One JetBlue Airways Corporation trader rolled her long call position up and out
JetBlue Airways Corporation (NASDAQ:JBLU) is up 4.4% at $13.27 -- and earlier hit a seven-year high of $13.48 -- as traders cheer the company's plans to appease shareholders at the expense of its passengers. Specifically, JBLU said it is adding more seats to its Airbus 320, and will begin charging baggage fees. Against this backdrop, calls are crossing the tape at a rate seven times the intraday average, and are outpacing puts by a roughly 27-to-1 margin.
The majority of the day's action has centered on two options -- the January 2015 13-strike call and the March 14 call, where a collective 21,603 contracts have traded.

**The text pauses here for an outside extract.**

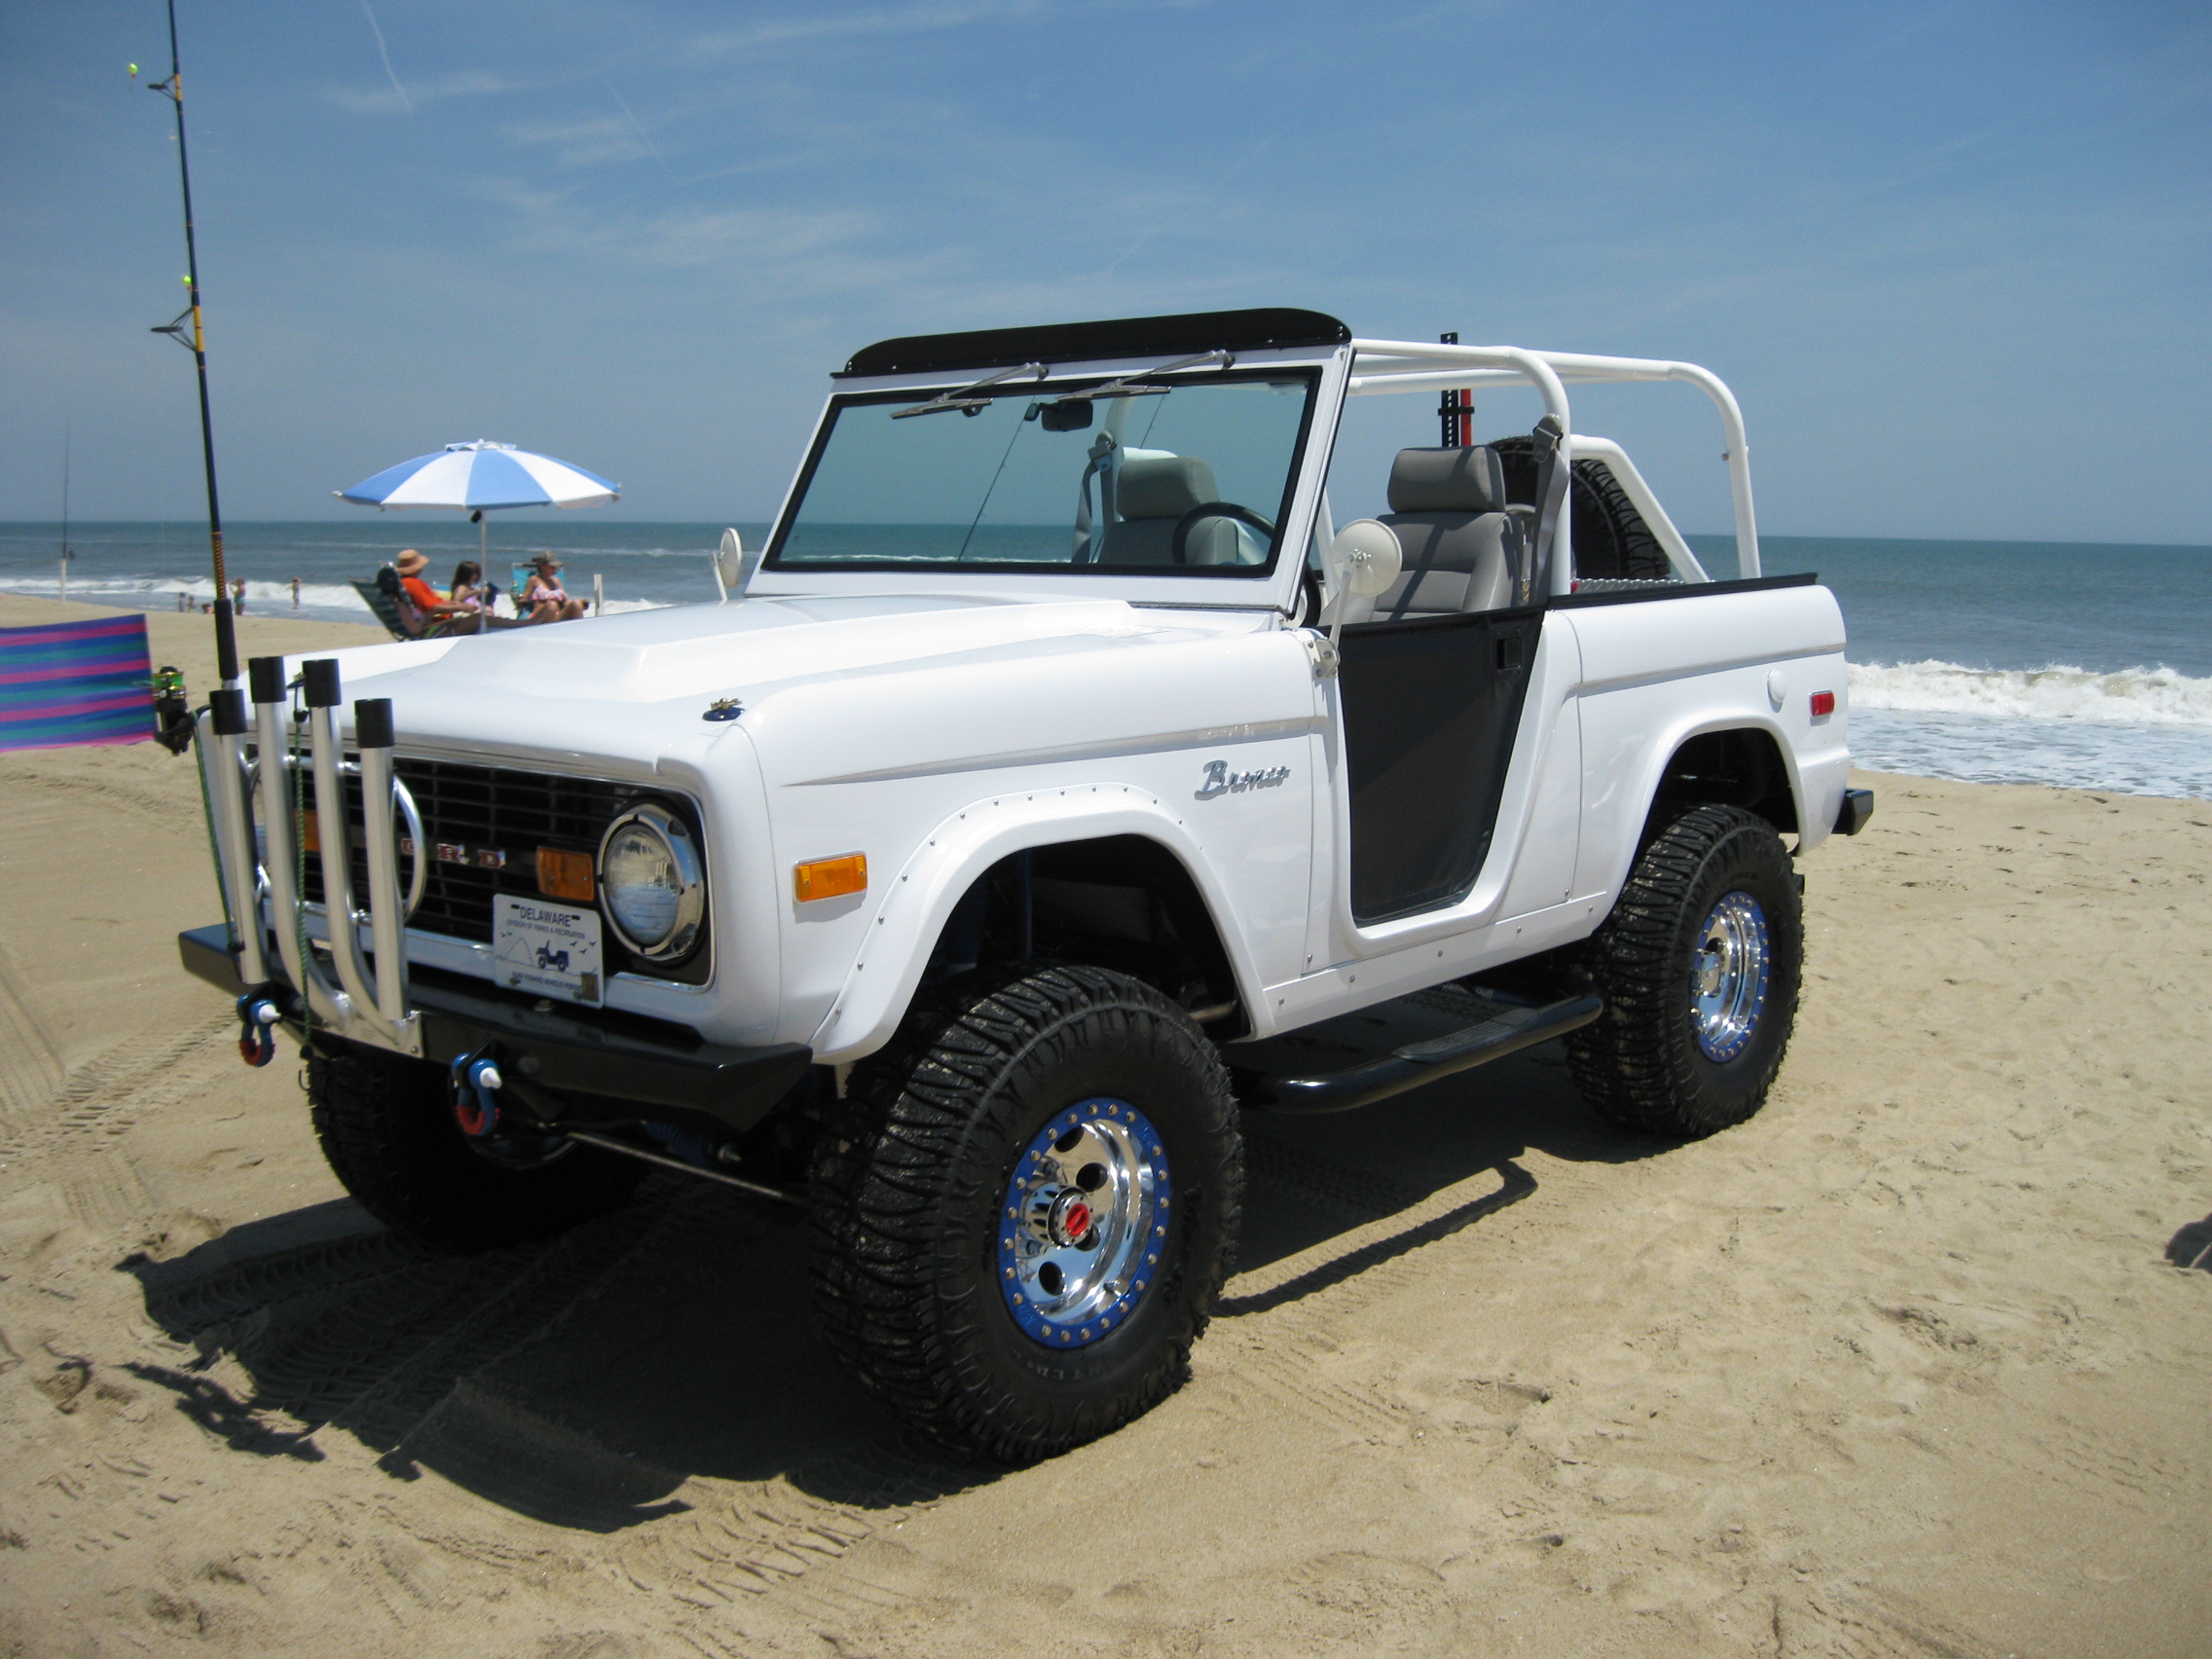 Ford Bronco Beach Builds / Surf Fishing Builds ready for the summer? Post yours! 2014-05-27 00.49.25
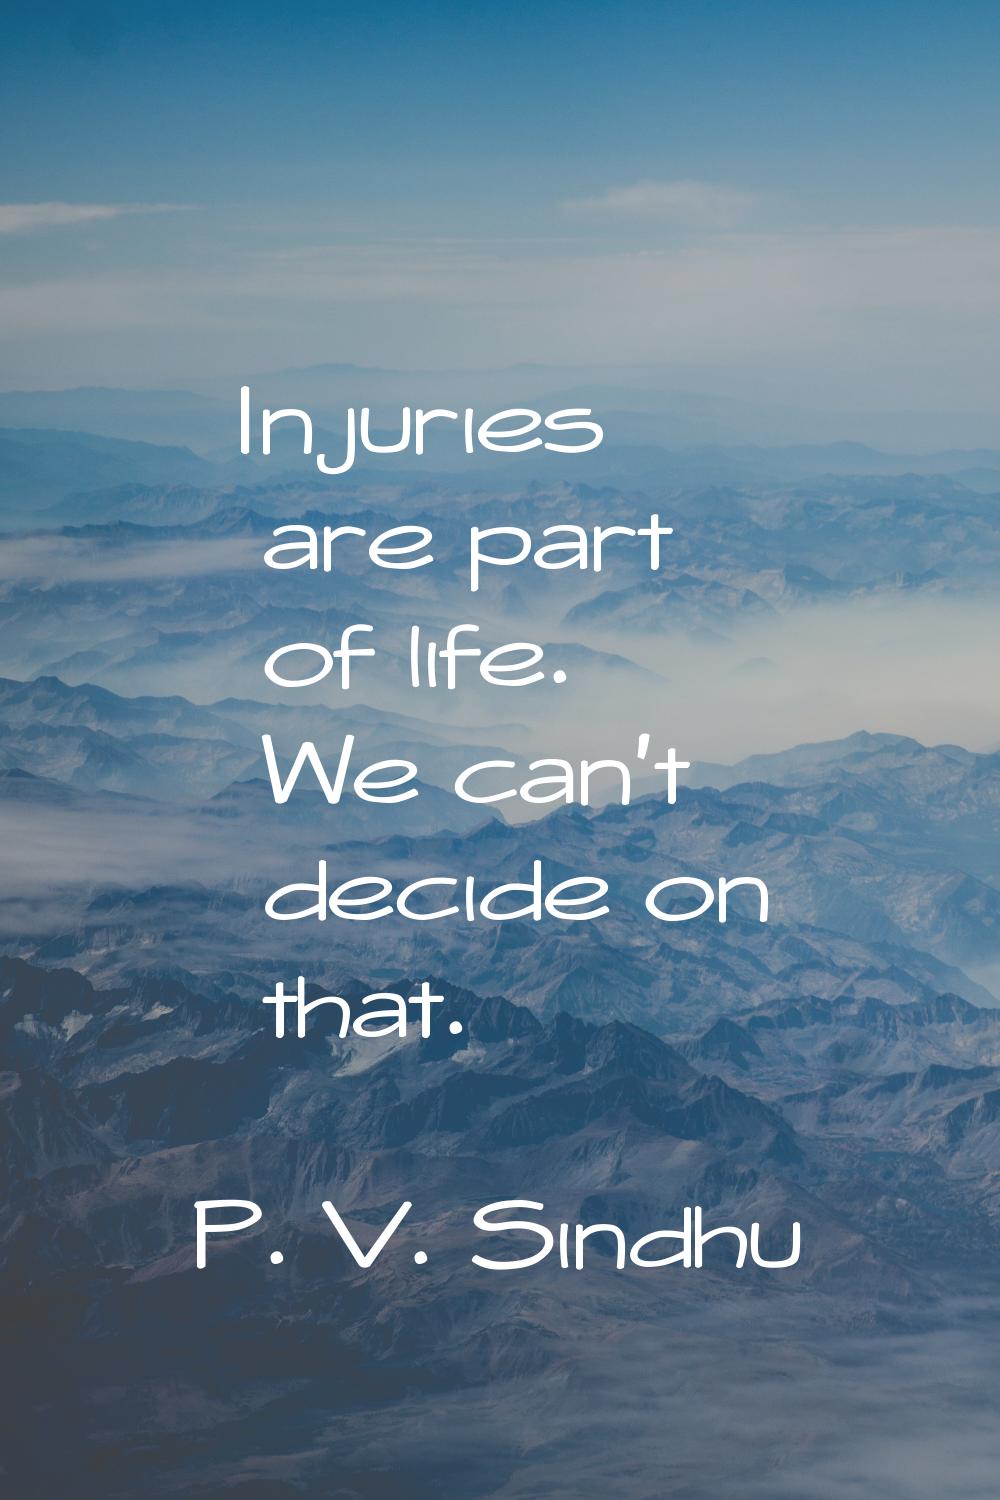 Injuries are part of life. We can't decide on that.

According to Trade-Alert, the bulk of the activity occurred as several large blocks of the former were sold to close, while symmetrical blocks of the latter were simultaneously bought to open.
In other words, it appears this speculator rolled her bullish bet up and out, eyeing additional gains for JBLU through March options expiration. Delta on the March 14 call is docked at 0.47, suggesting a 47% chance JBLU will be sitting north of $14 at the close on Friday, March 20 -- a feat not accomplished since February 2007.
Today's call-skewed session just echoes the shift in sentiment JBLU has been experiencing in recent weeks. At the International Securities Exchange (ISE), Chicago Board Options Exchange (CBOE), and NASDAQ OMX PHLX (PHLX), the stock's 10-day call/put volume ratio of 43.29 ranks in the 84th percentile of its annual range. Although, with more than one-fifth of JetBlue Airways Corporation's (NASDAQ:JBLU) float sold short, a portion of this activity could be at the hands of short sellers initiating upside hedges.